## Instructions for the task
Once the line with "Graphic Ipad Pro" is found, repeat it and all later lines exactly through the end of the listing below, with the pictures left out.

## Given material
- Opening Delimiter -

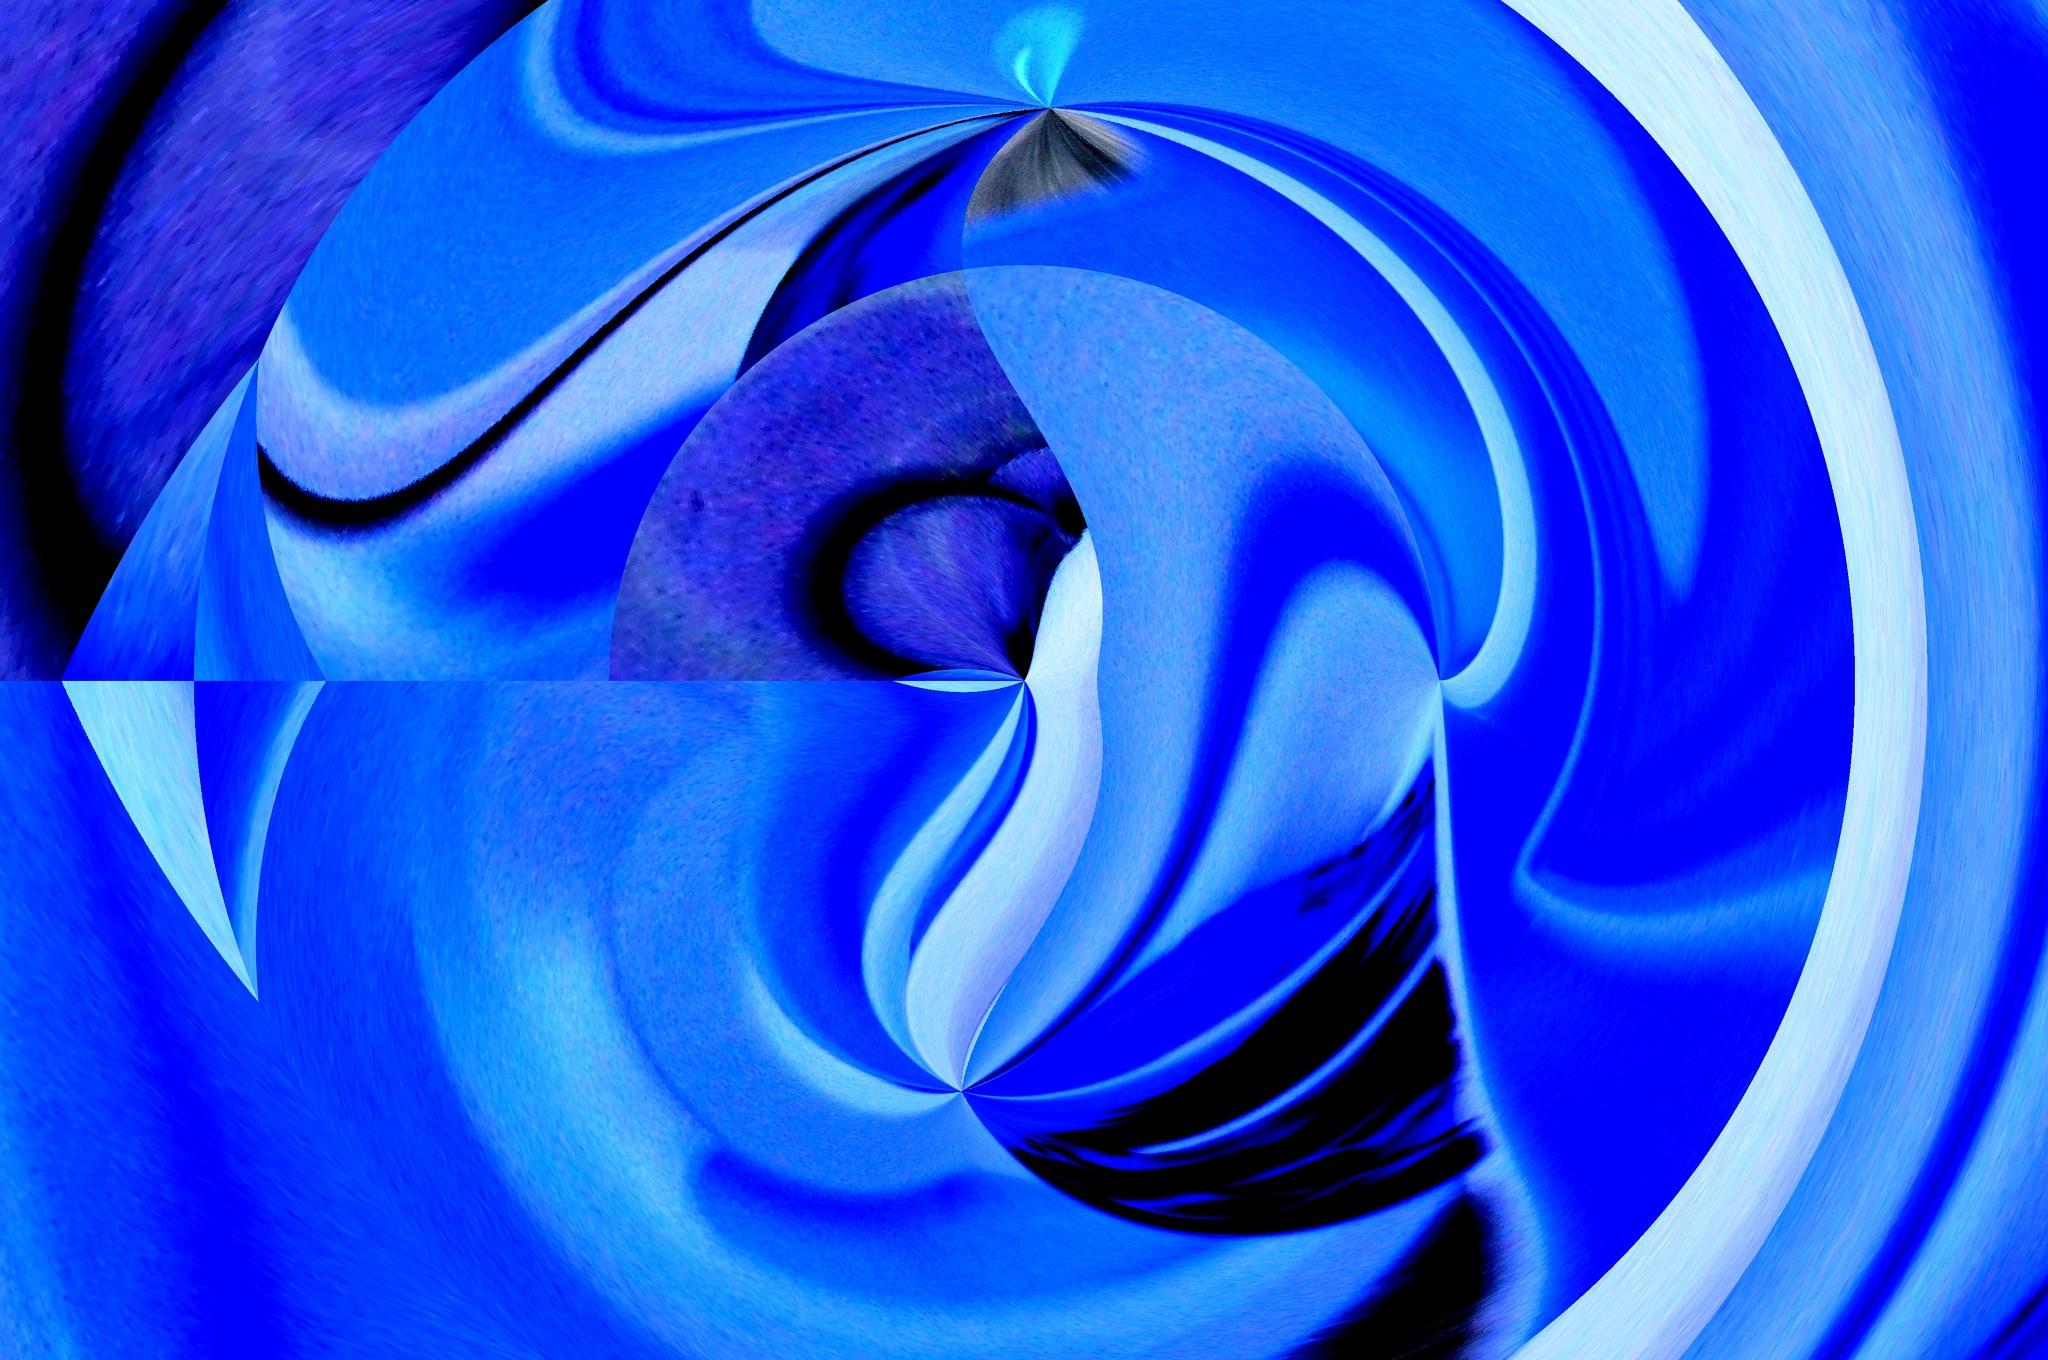 in blue by José Evaldo Suassuna de Oliveira
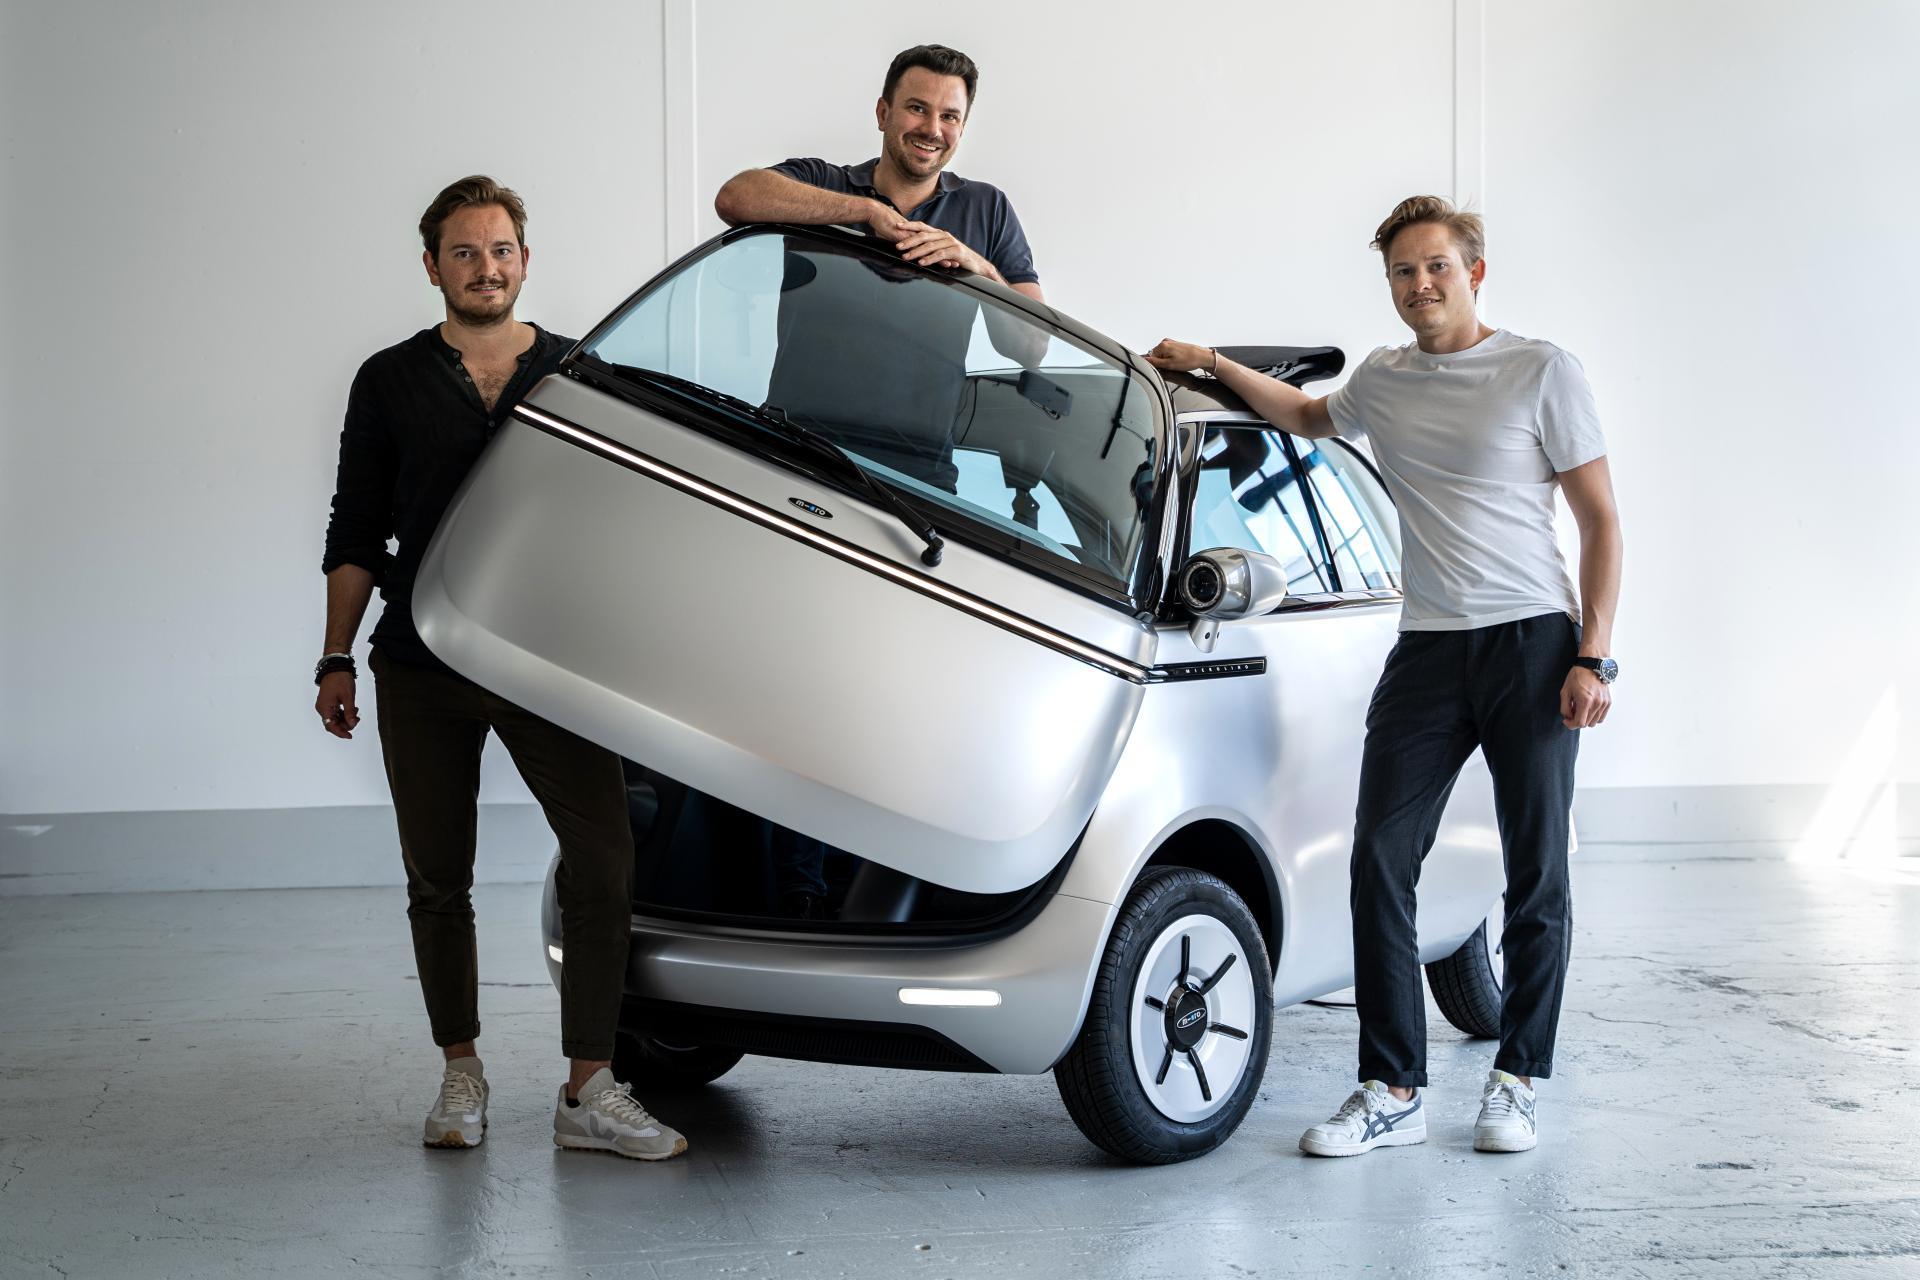 Jochen Rudat: Von Tesla zu Automobili Pininfarina zu Microlino
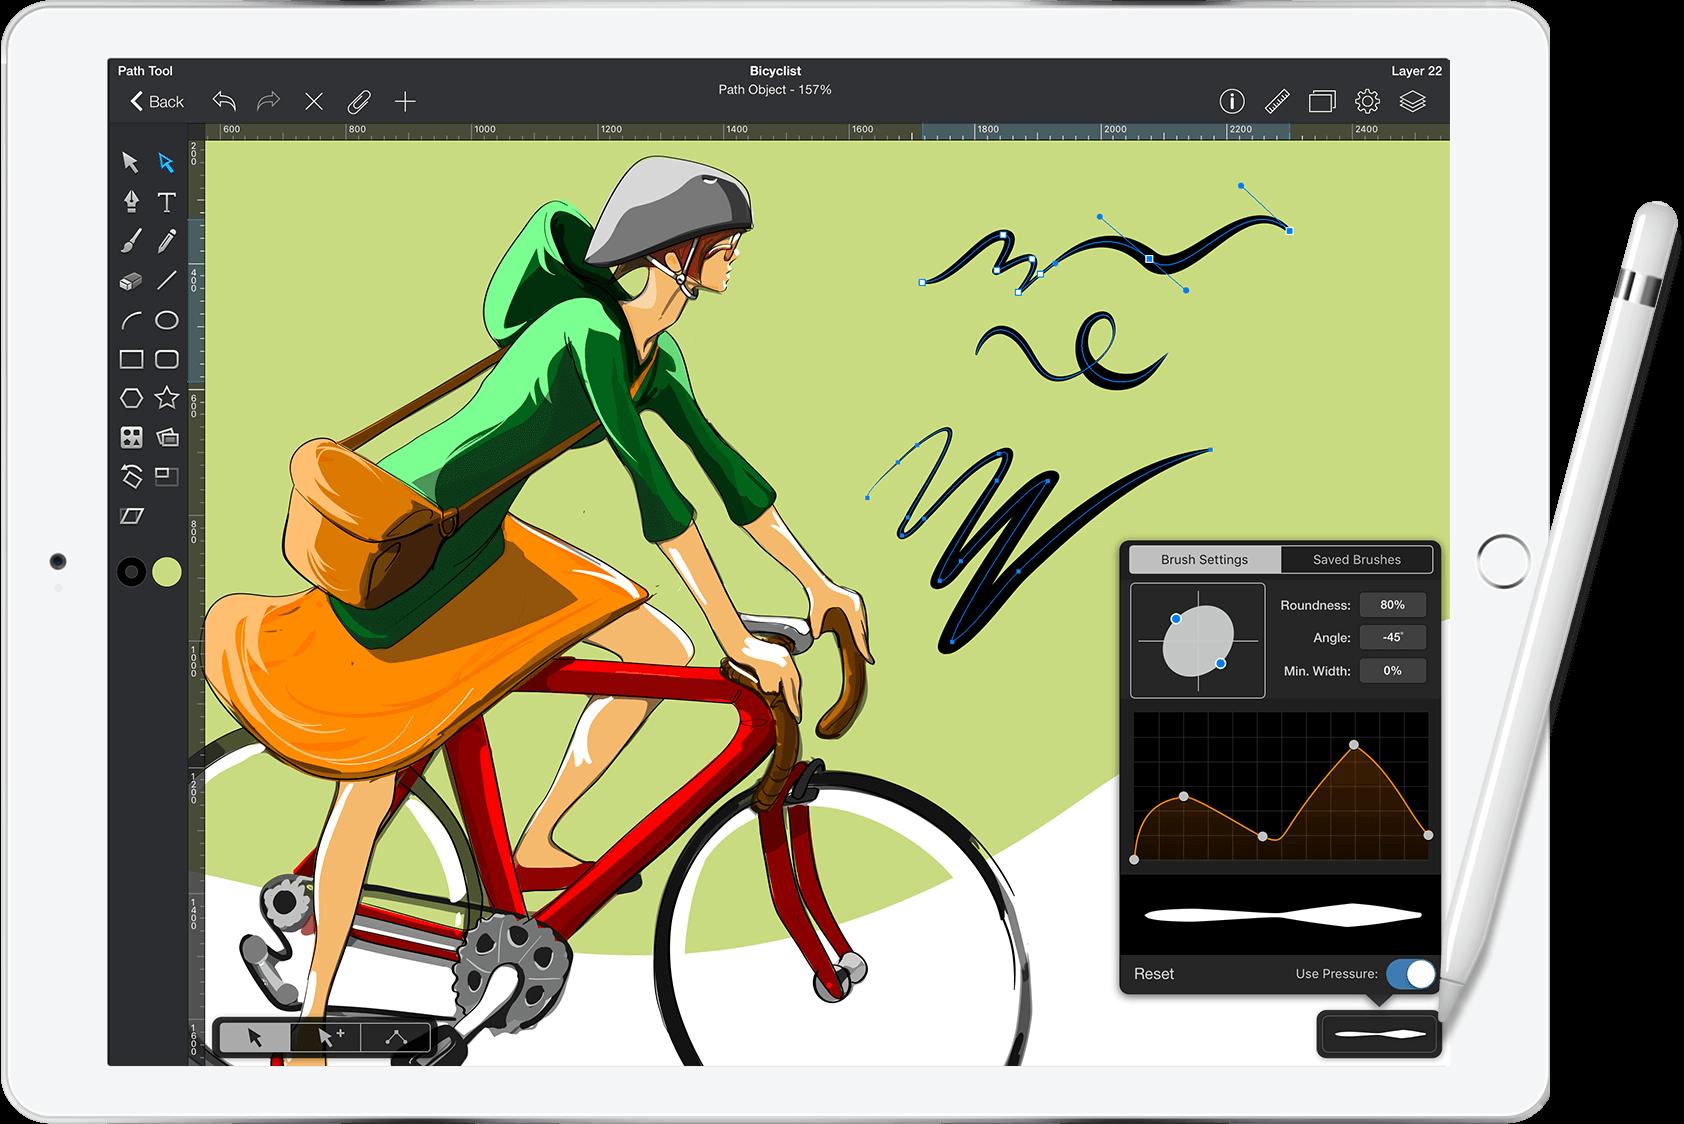 Graphic Ipad Pro Illustration And Graphic Design This App Looks Like A Good Alternative To Illustrator For The Ipad It Allows App Drawings Best Ipad Ipad,Bridal Lehenga Lehenga Blouse Designs Catalogue 2020
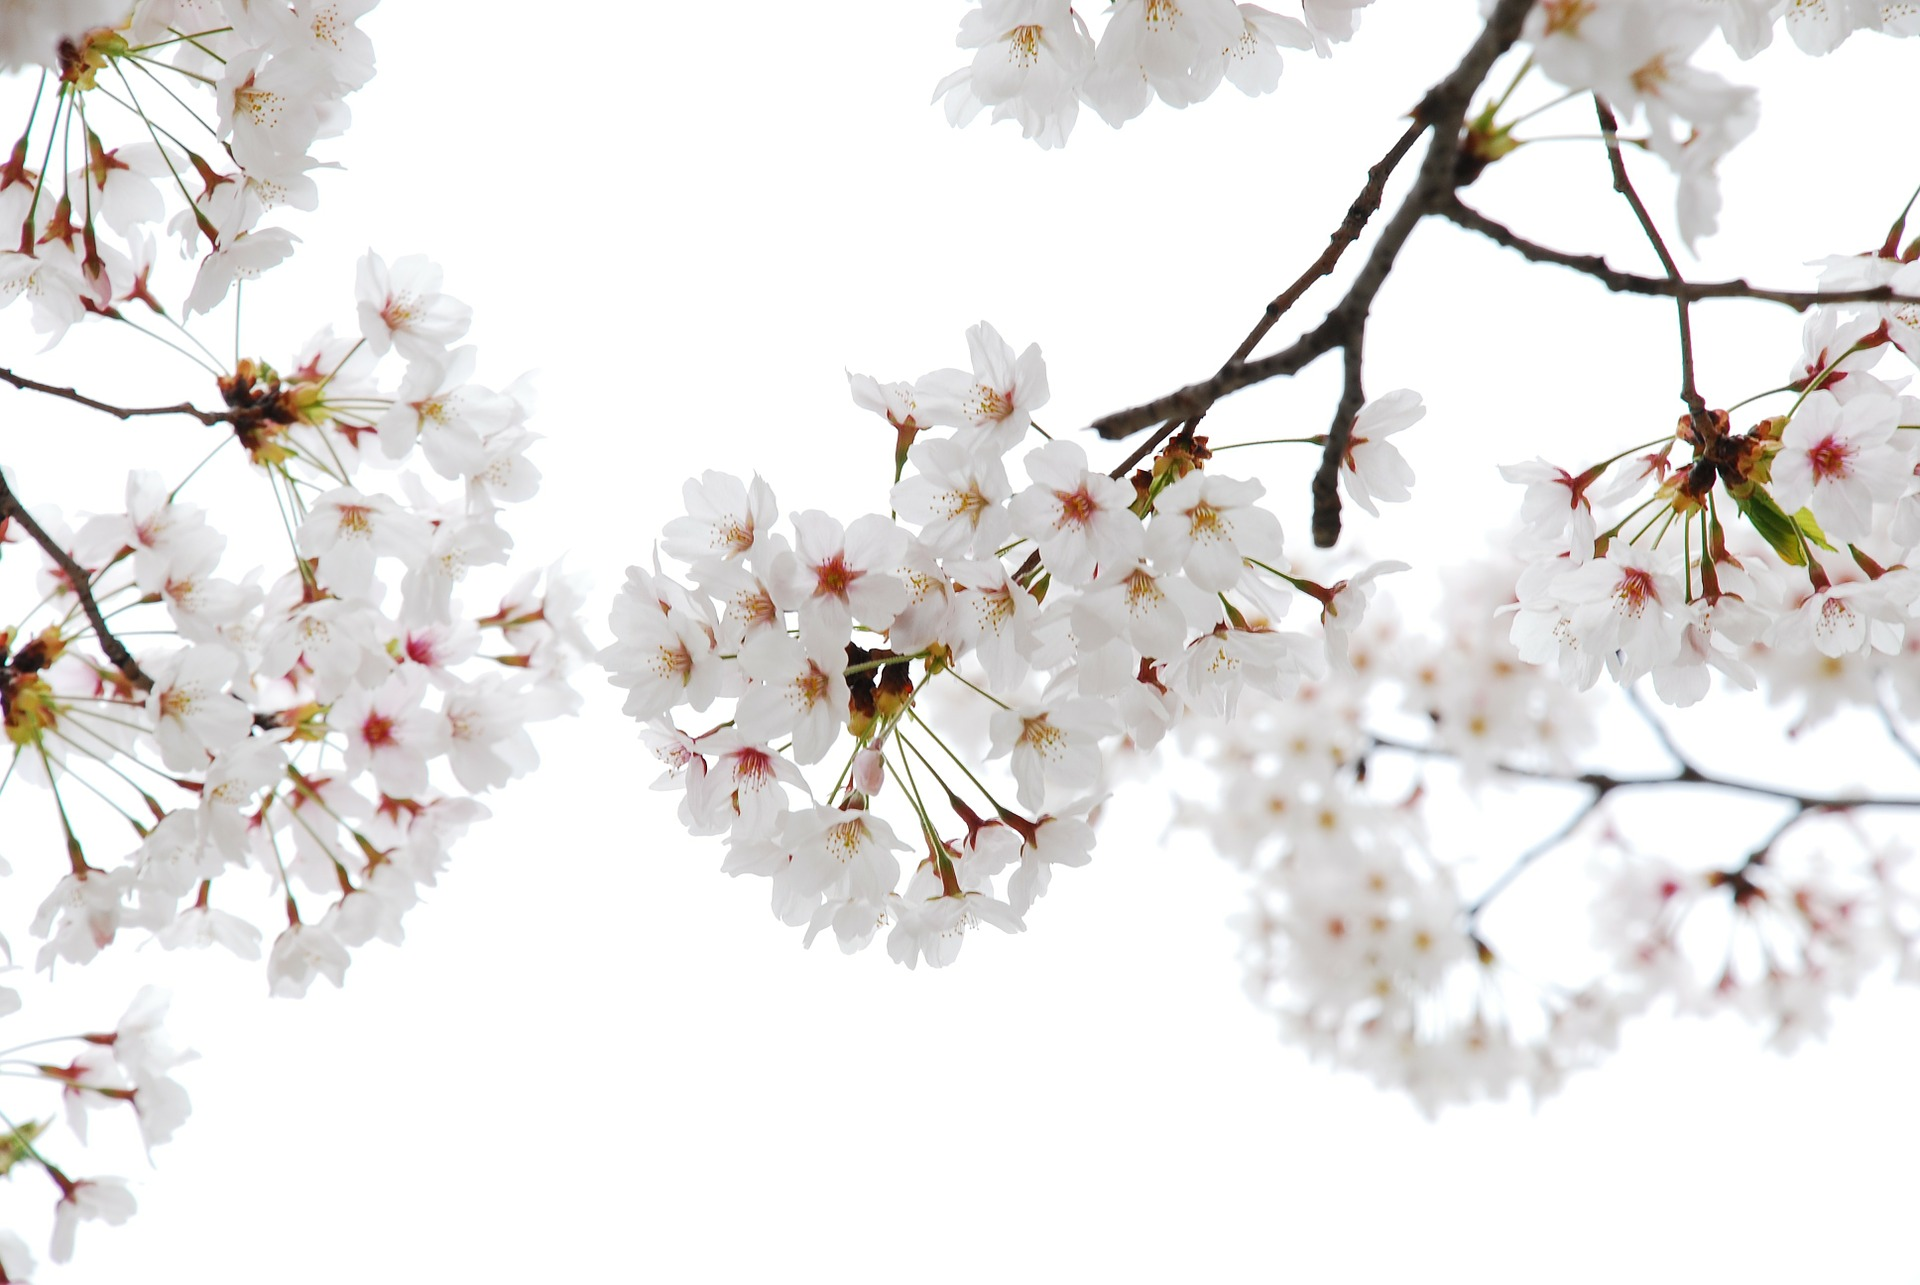 cherry-flowers-94817_1920.jpg

- Closing Delimiter -

## Exercise result
 Graphic Ipad Pro Illustration And Graphic Design This App Looks Like A Good Alternative To Illustrator For The Ipad It Allows App Drawings Best Ipad Ipad,Bridal Lehenga Lehenga Blouse Designs Catalogue 2020
 cherry-flowers-94817_1920.jpg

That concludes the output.